__ASSIGNMENT__: Output only the lines that run from the line holding "OMNIMAR - Feels" to the end of the data below, including both ends, without any pictures.

__DATA BELOW__:
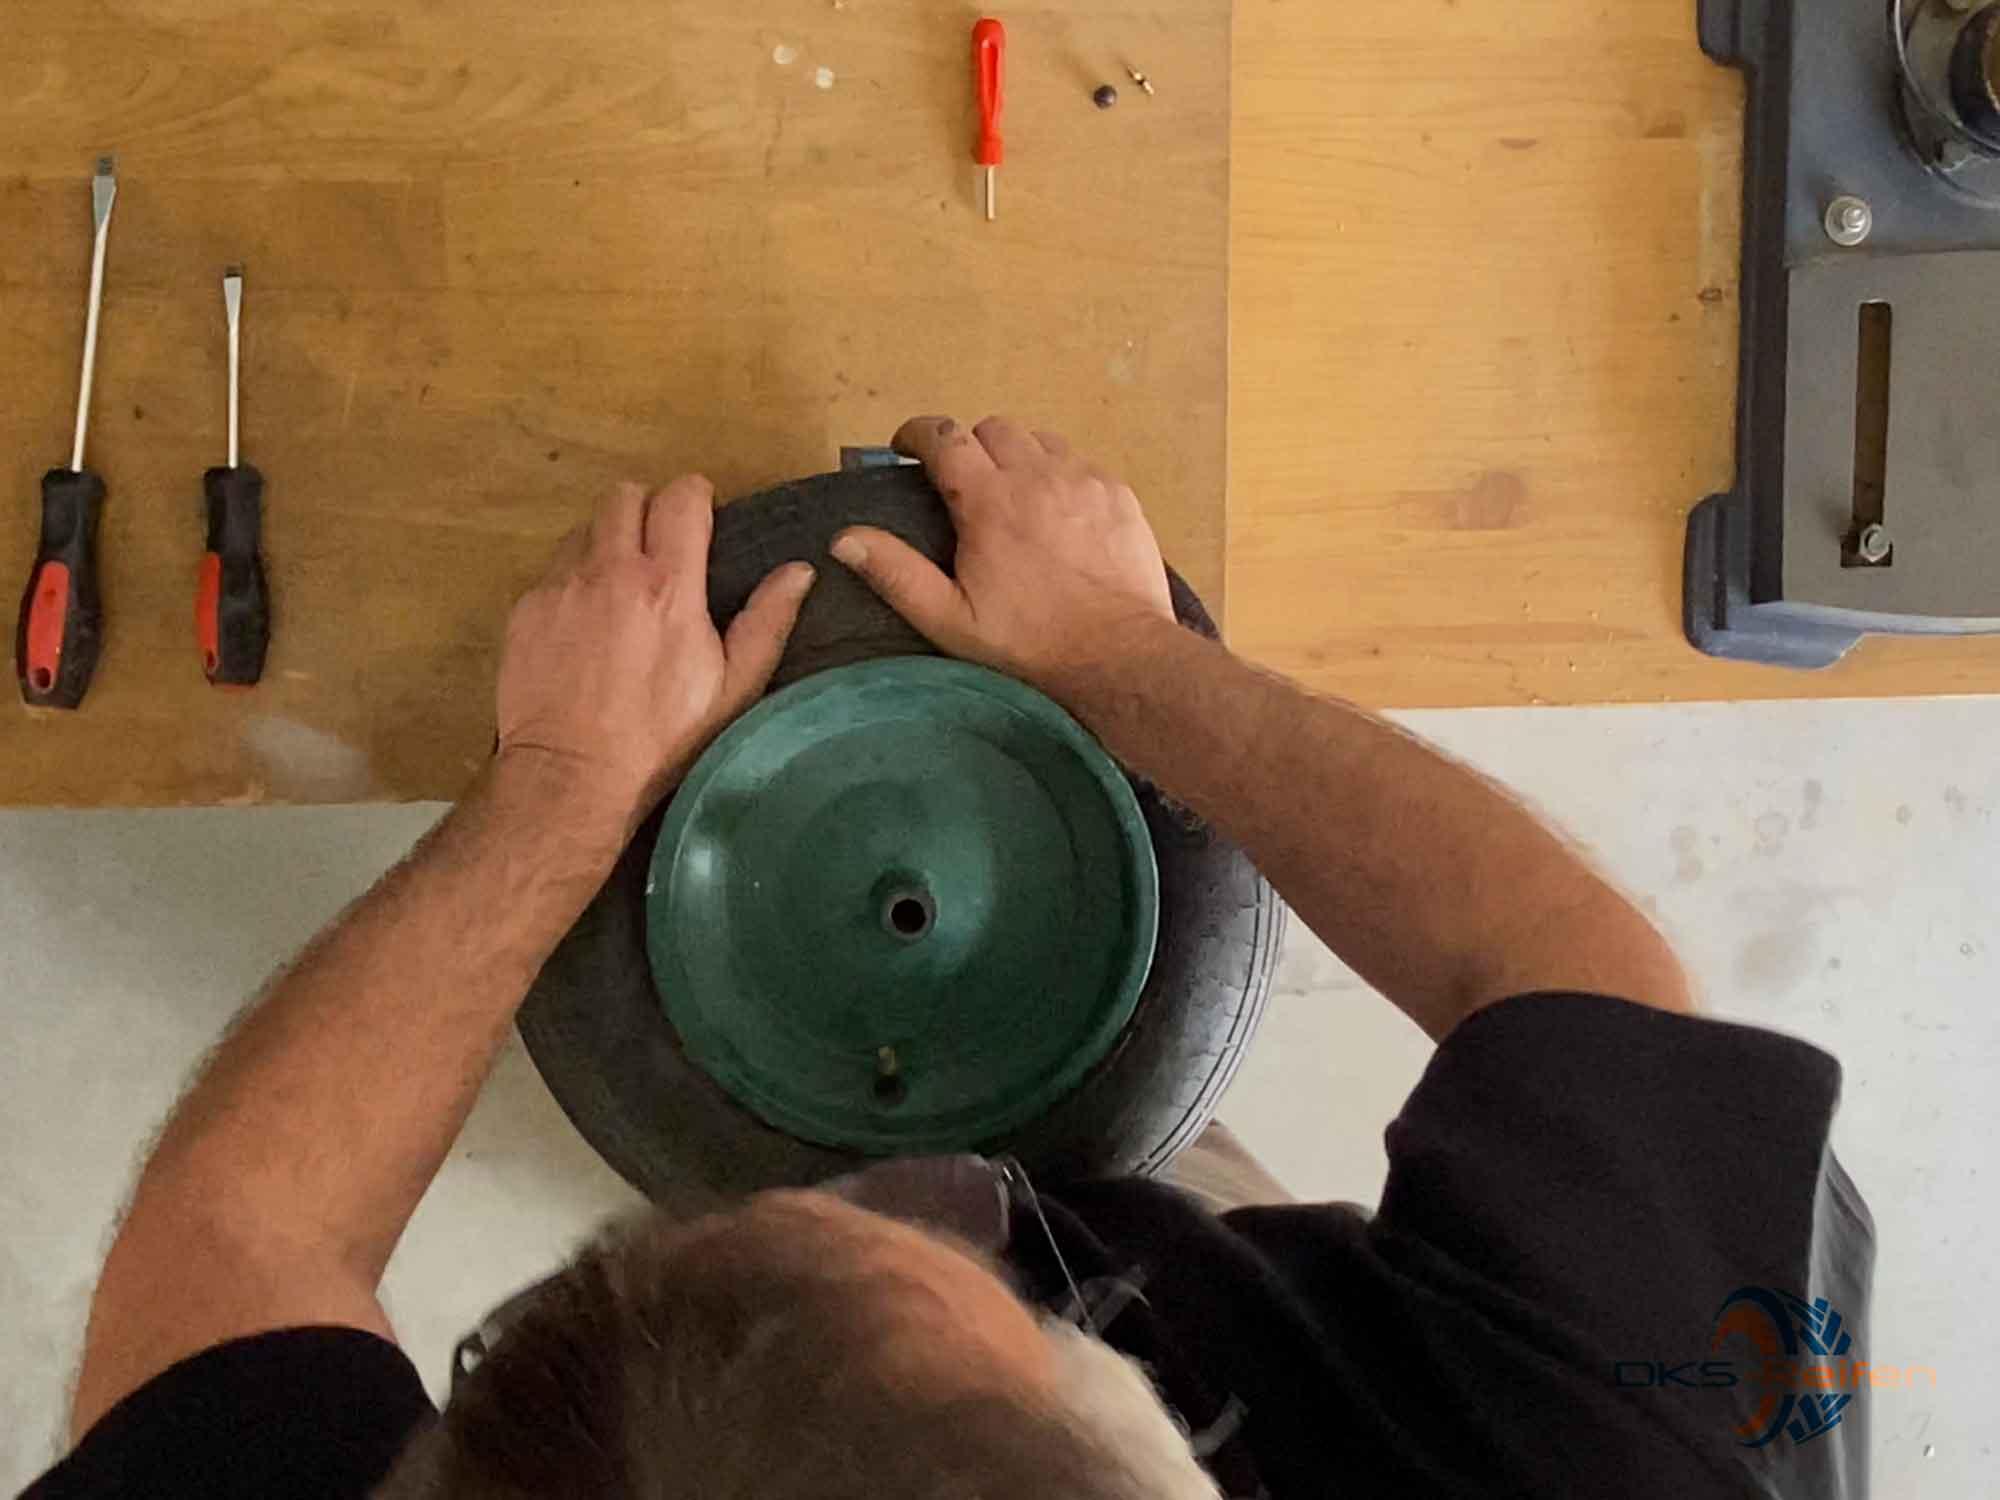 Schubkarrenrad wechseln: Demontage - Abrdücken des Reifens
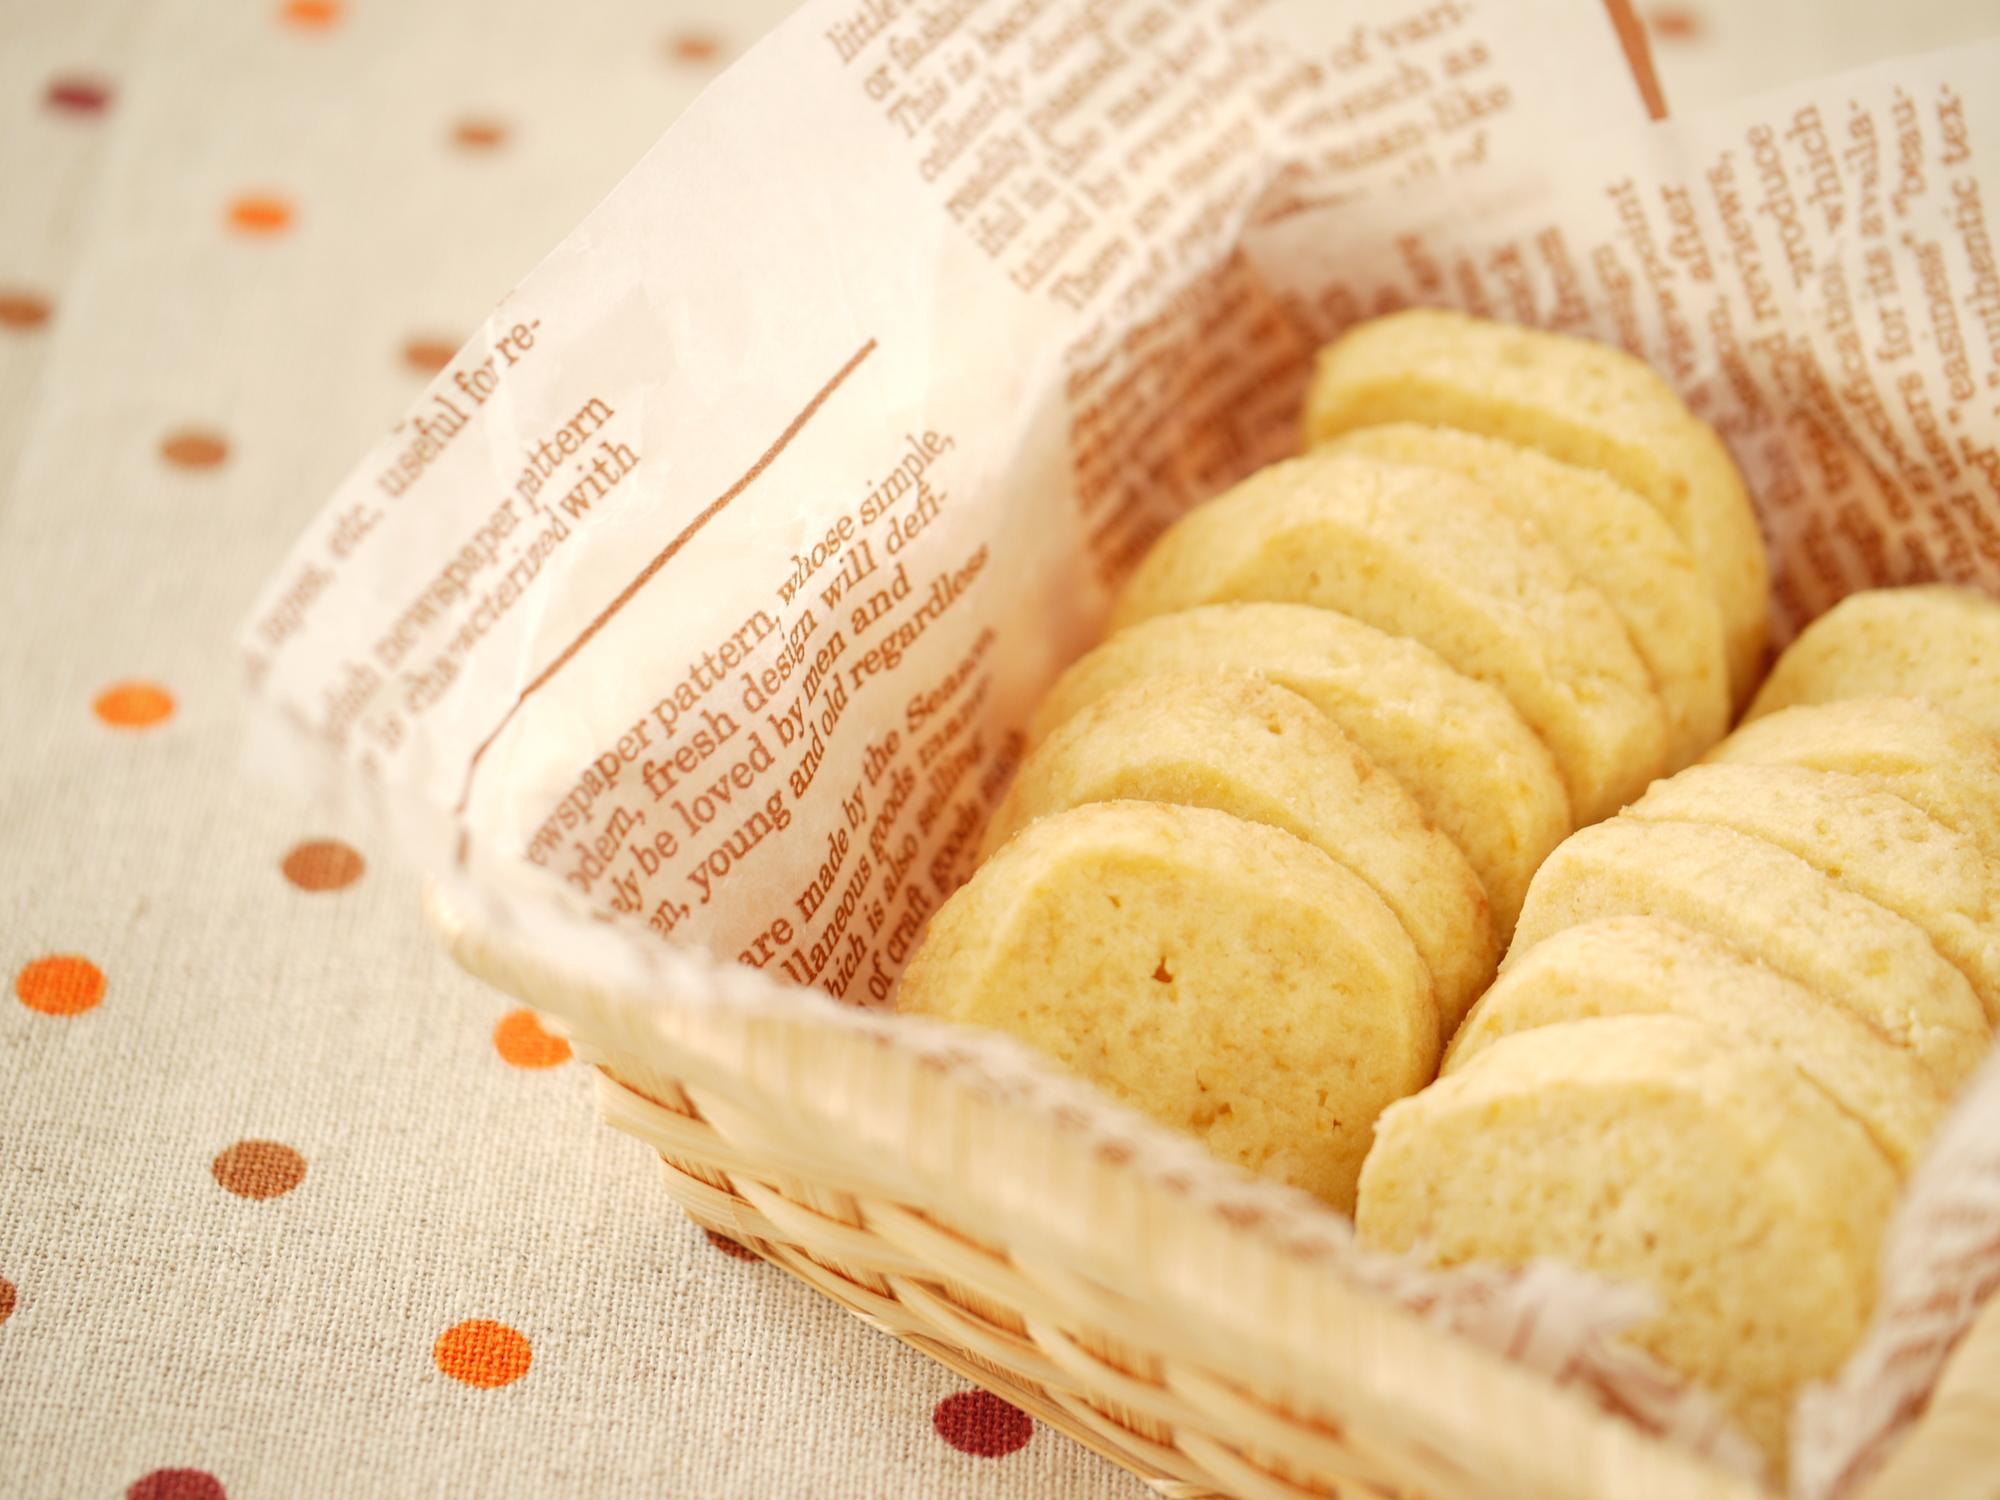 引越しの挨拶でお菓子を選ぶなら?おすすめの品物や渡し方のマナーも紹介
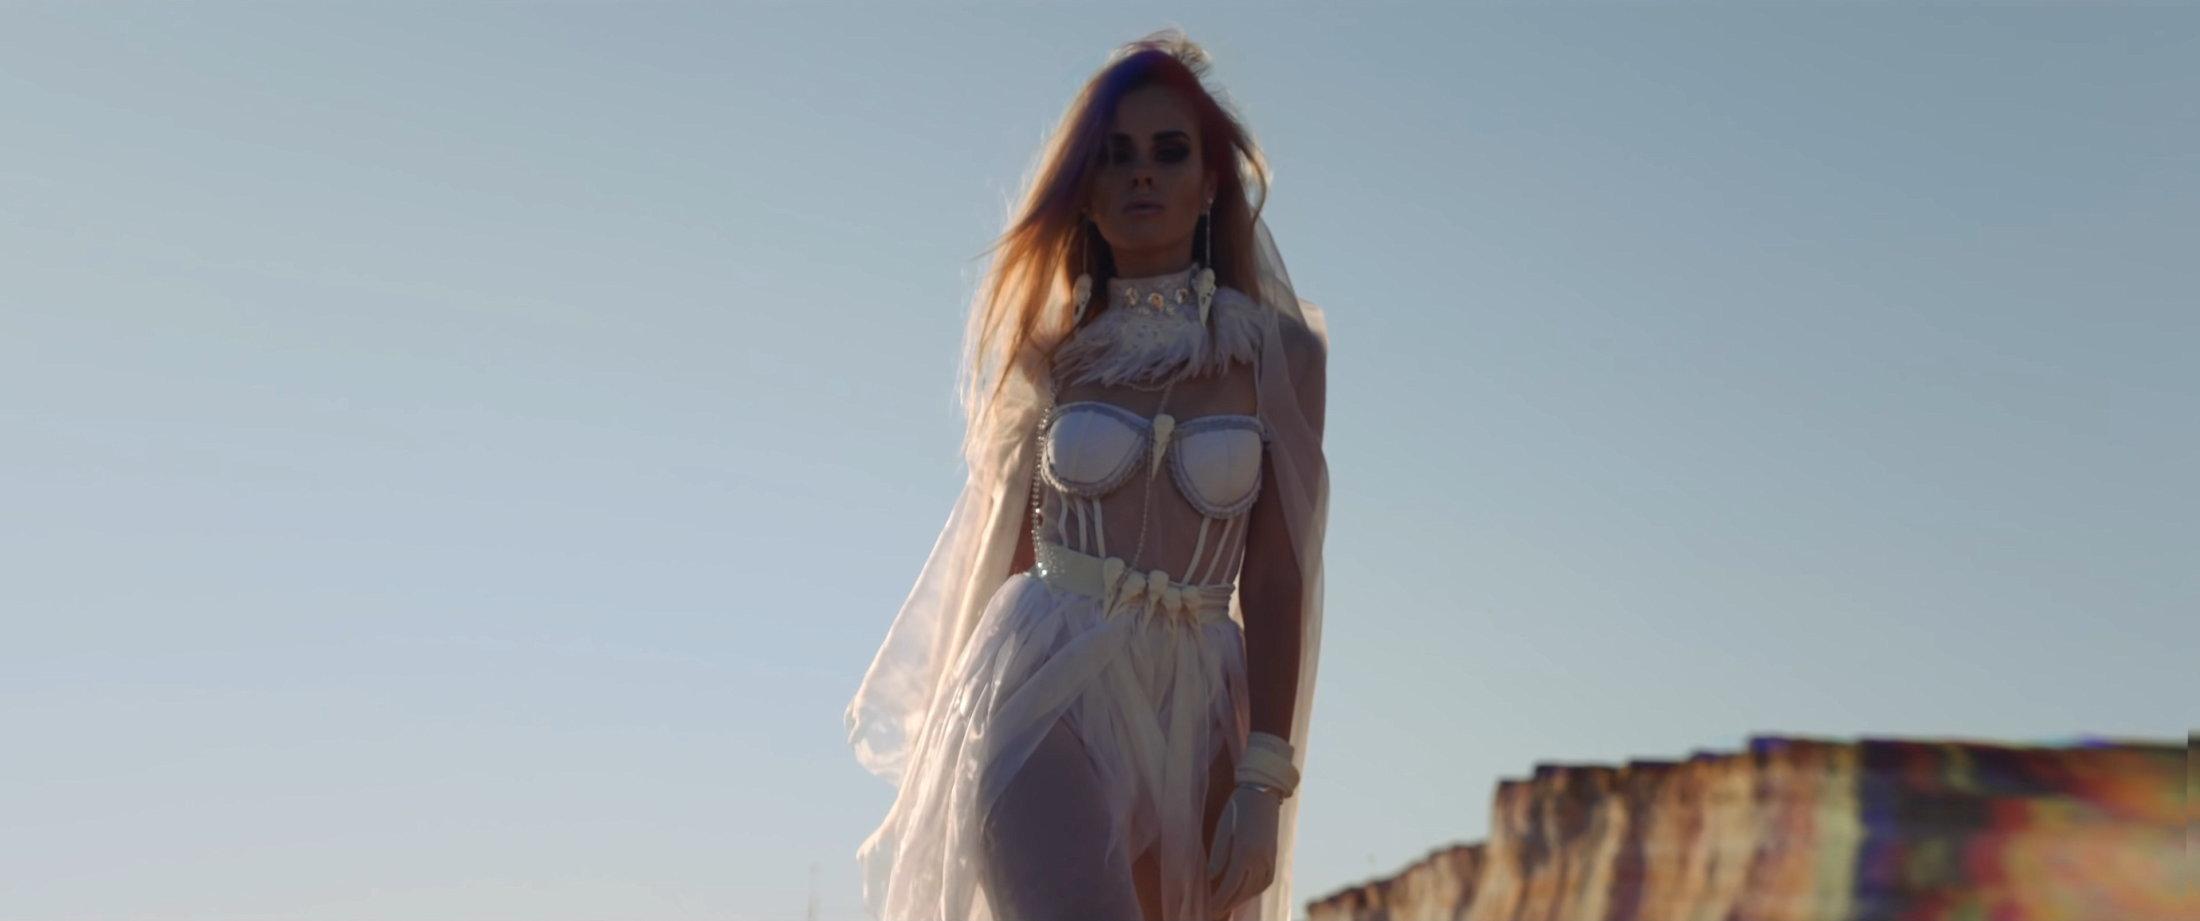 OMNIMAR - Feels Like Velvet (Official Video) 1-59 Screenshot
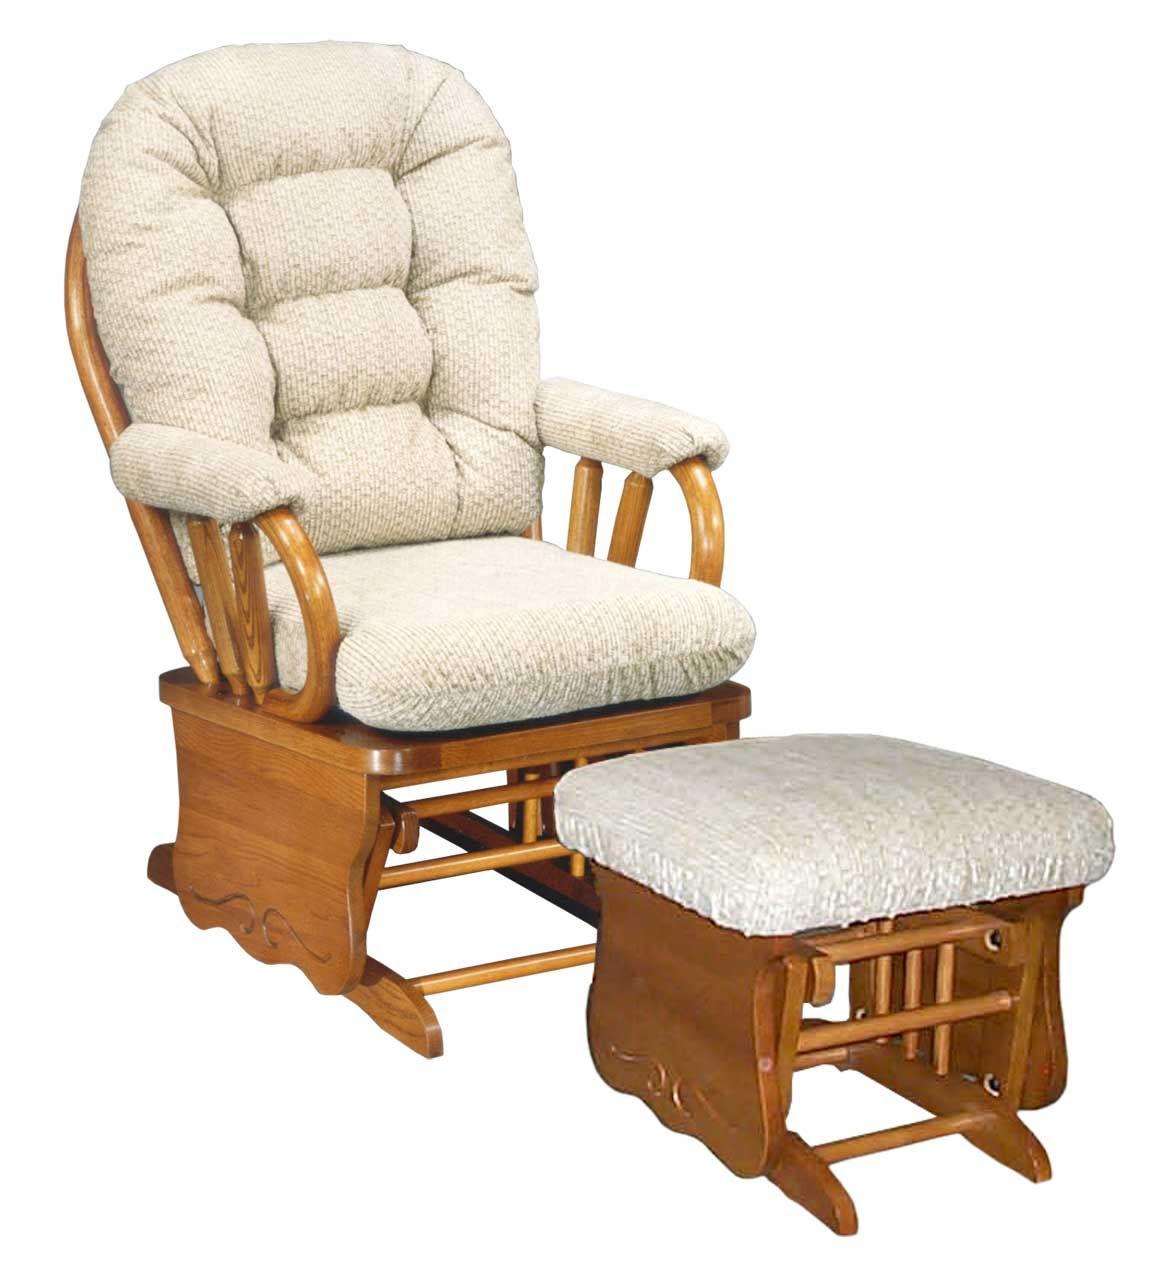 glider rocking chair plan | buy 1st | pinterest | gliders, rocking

__OUTPUT OF THE EXERCISE__:
 OMNIMAR - Feels Like Velvet (Official Video) 1-59 Screenshot
 glider rocking chair plan | buy 1st | pinterest | gliders, rocking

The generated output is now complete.